Ewald Palmetshofer – ein Gespräch

Der radikale Theatertheologe

von Andreas Klaeui

Er sagt gern "radikal". Das Mühlviertel, die österreichische Gegend, aus der er herkommt, ist "radikal ländlich"; auch Theologie, sein Fach, hat "was Radikales" mit ihrem Endgültigkeitshorizont. Er hat Theologie und Philosophie durchaus studiert, mit heißem Bemühn, vordem schon Theaterwissenschaft und Germanistik. "Aber", so Ewald Palmetshofer, "ich hatte dabei immer den Eindruck, ich arbeitete nur mit Sekundärbearbeitungen der Themen, die mich wirklich interessierten. Was ich suchte, war ein Denkhandwerkszeug. Das Interesse an einer direkten inhaltlichen Auseinandersetzung, das war für mich der Impuls zum Fachwechsel."
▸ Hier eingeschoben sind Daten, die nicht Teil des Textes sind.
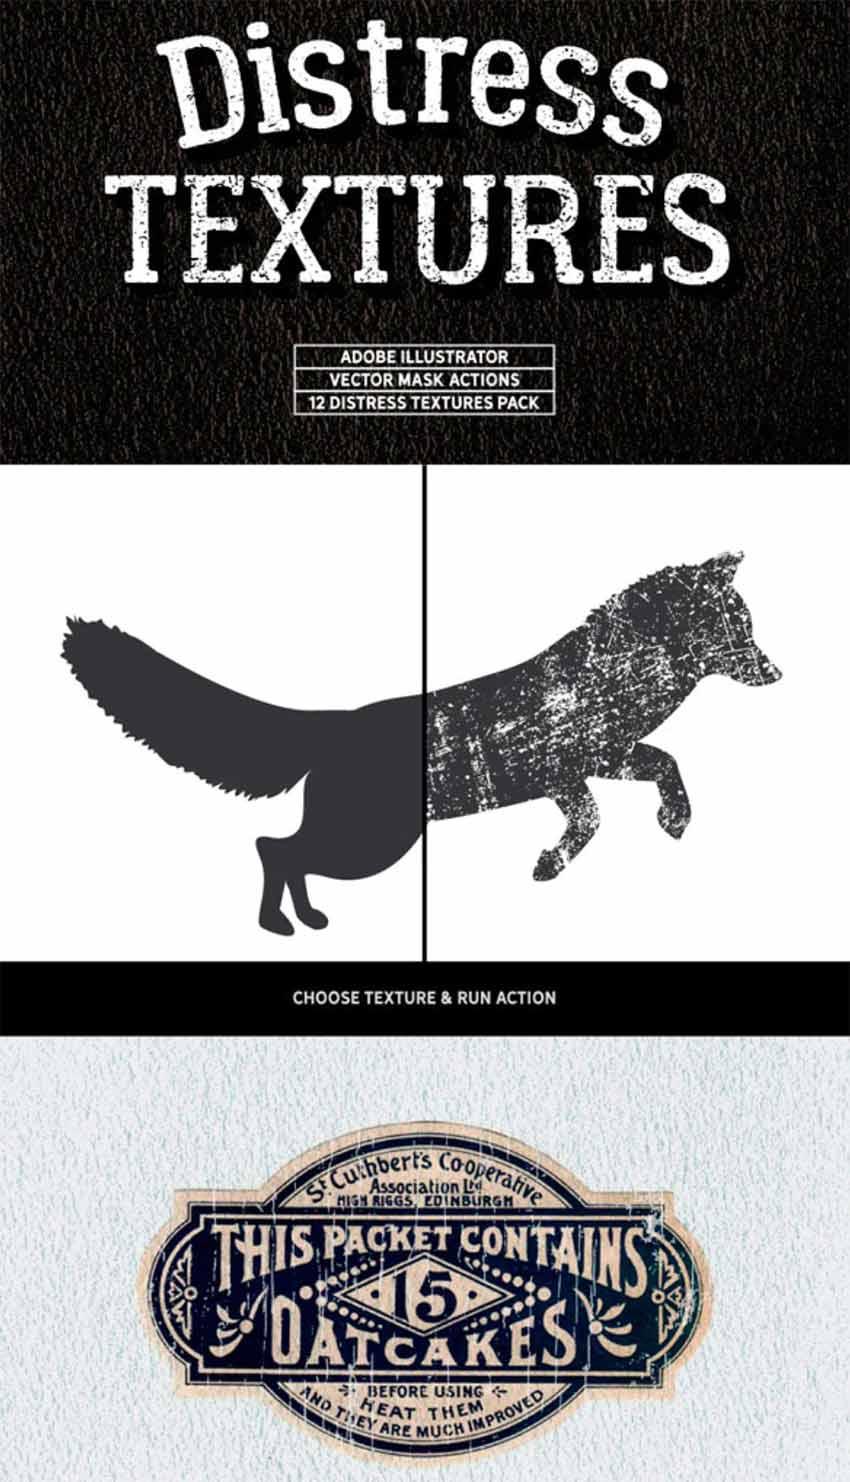 Distressed Texture Illustrator Pack (AI)

Also: Lehramt Philosophie, Psychologie, Theologie. Psychologie und Philosophie sind in unsern Tagen ja durchaus gängig. Aber Theologie? "Das ist schon a bissl a No-go", gesteht er lachend. "Theologie gilt als radikal unsexy. Meine Überlegung ging dahin, dass das, was mich interessiert, in der Theologie thematisch stärker beheimatet ist. Philosophie war dazu das Korrektiv."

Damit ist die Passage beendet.